**What is needed**
Look below for the line that contains "Seorang Warga Batang", then copy it and each following line exactly, through and including the line that contains "Snowy leaf on branch".

**Supplied data**

▬▬▬

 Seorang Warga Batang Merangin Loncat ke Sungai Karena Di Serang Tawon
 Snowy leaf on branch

▬▬▬

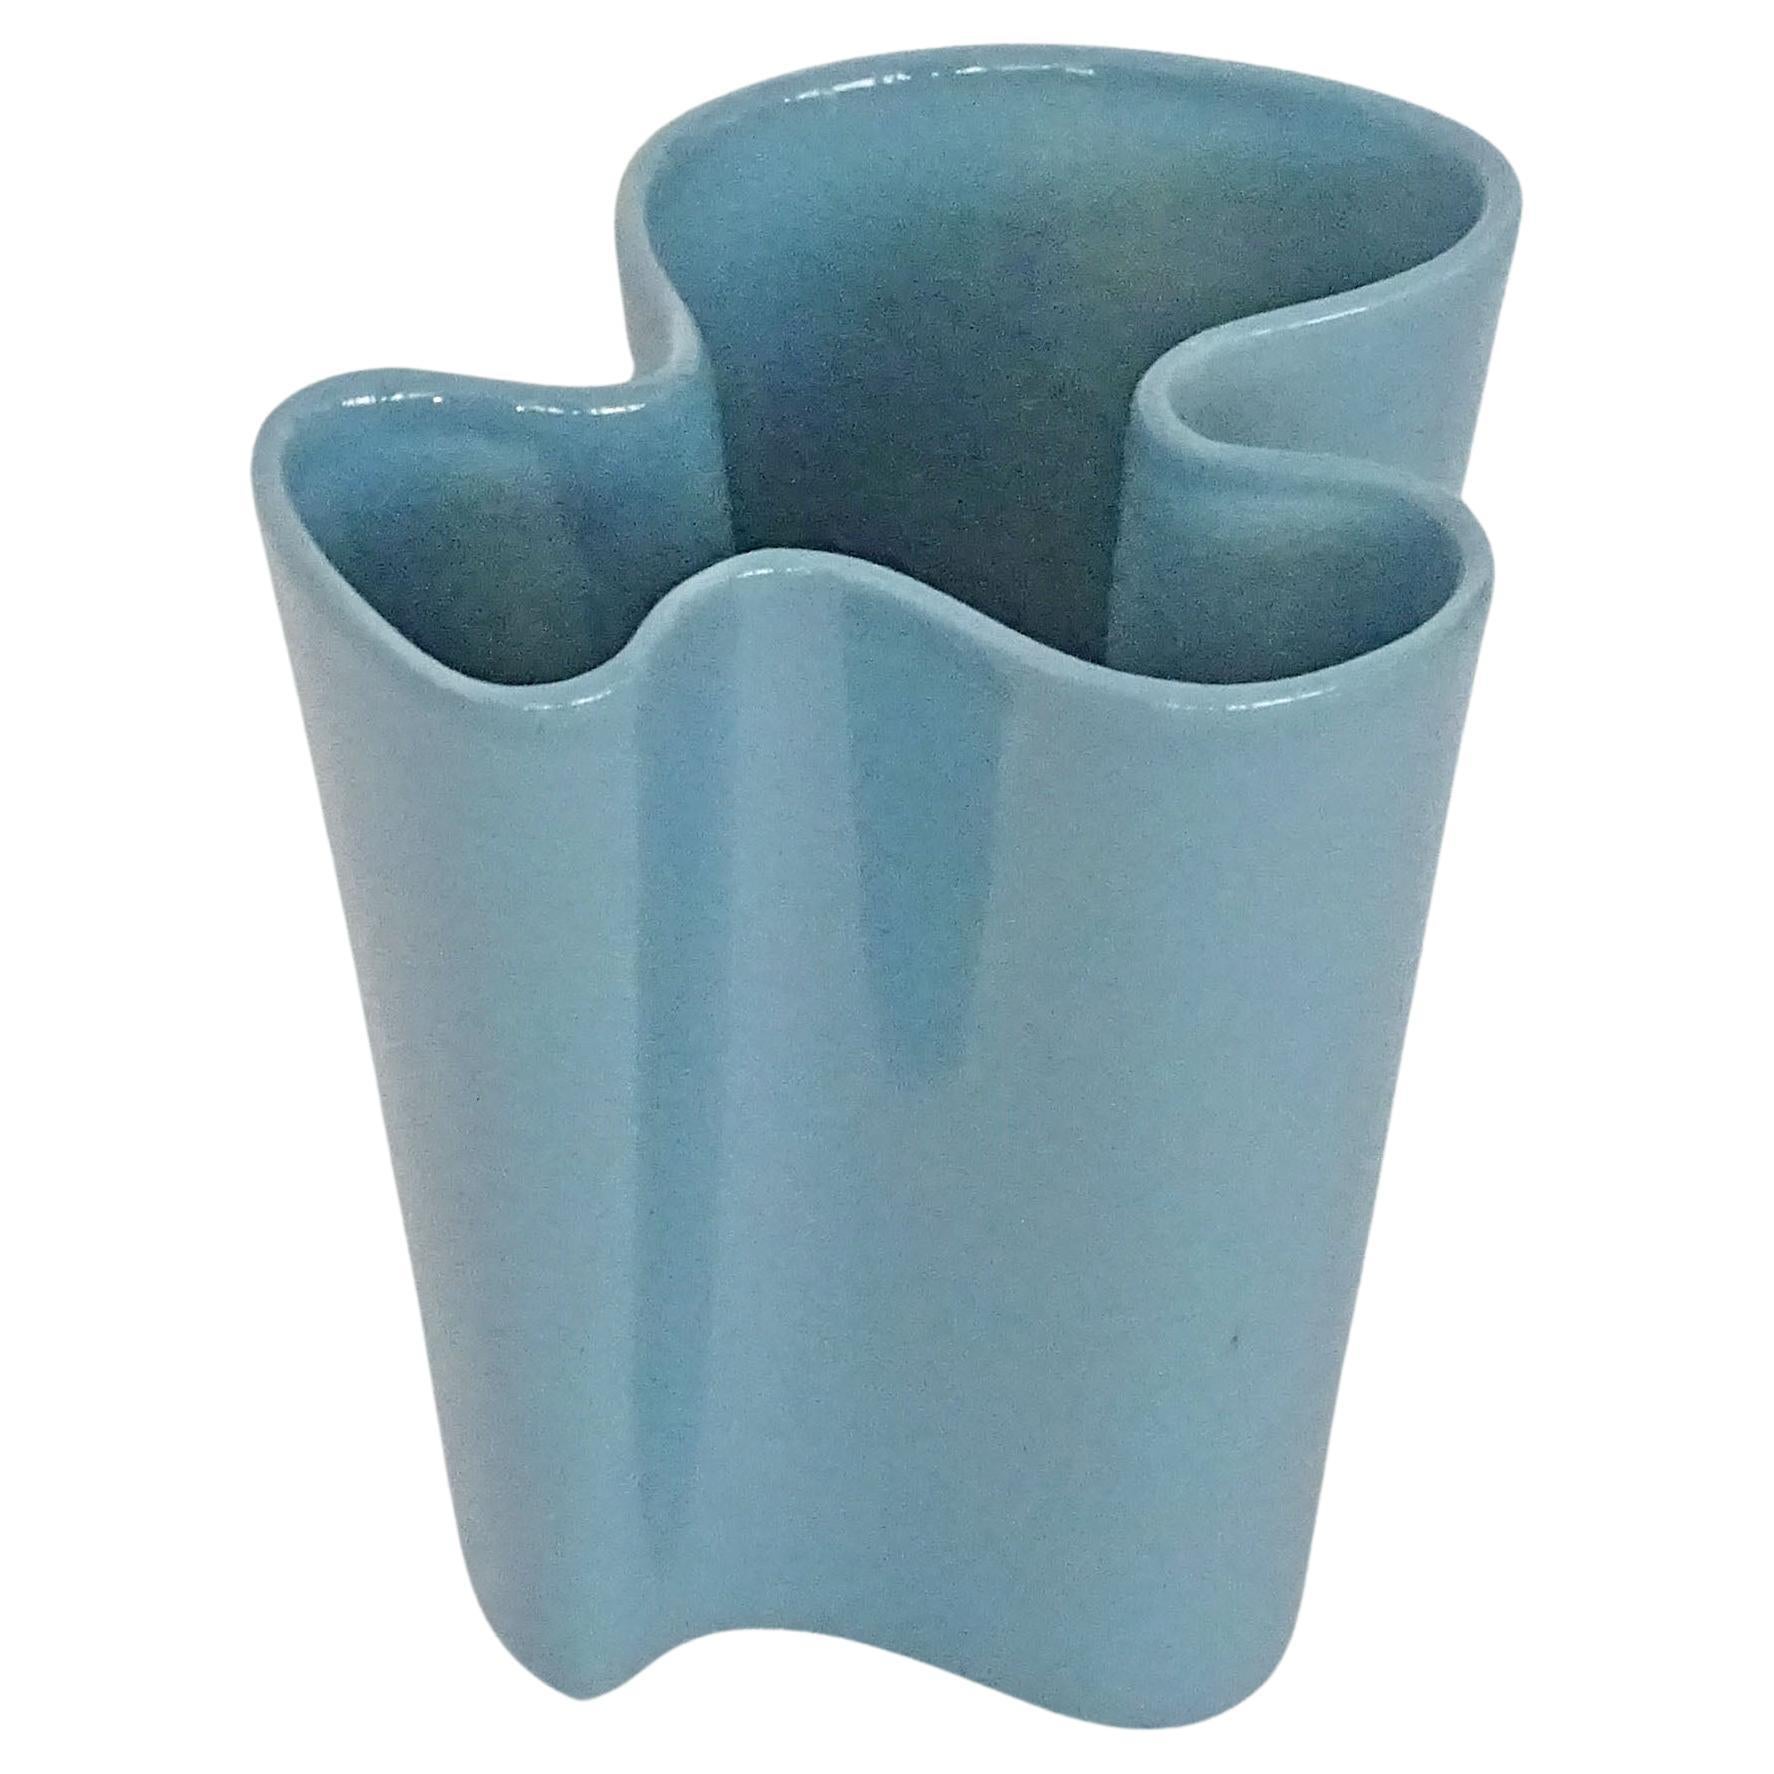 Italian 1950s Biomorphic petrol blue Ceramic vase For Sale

▬▬▬

**Problem solution**
 Seorang Warga Batang Merangin Loncat ke Sungai Karena Di Serang Tawon
 Snowy leaf on branch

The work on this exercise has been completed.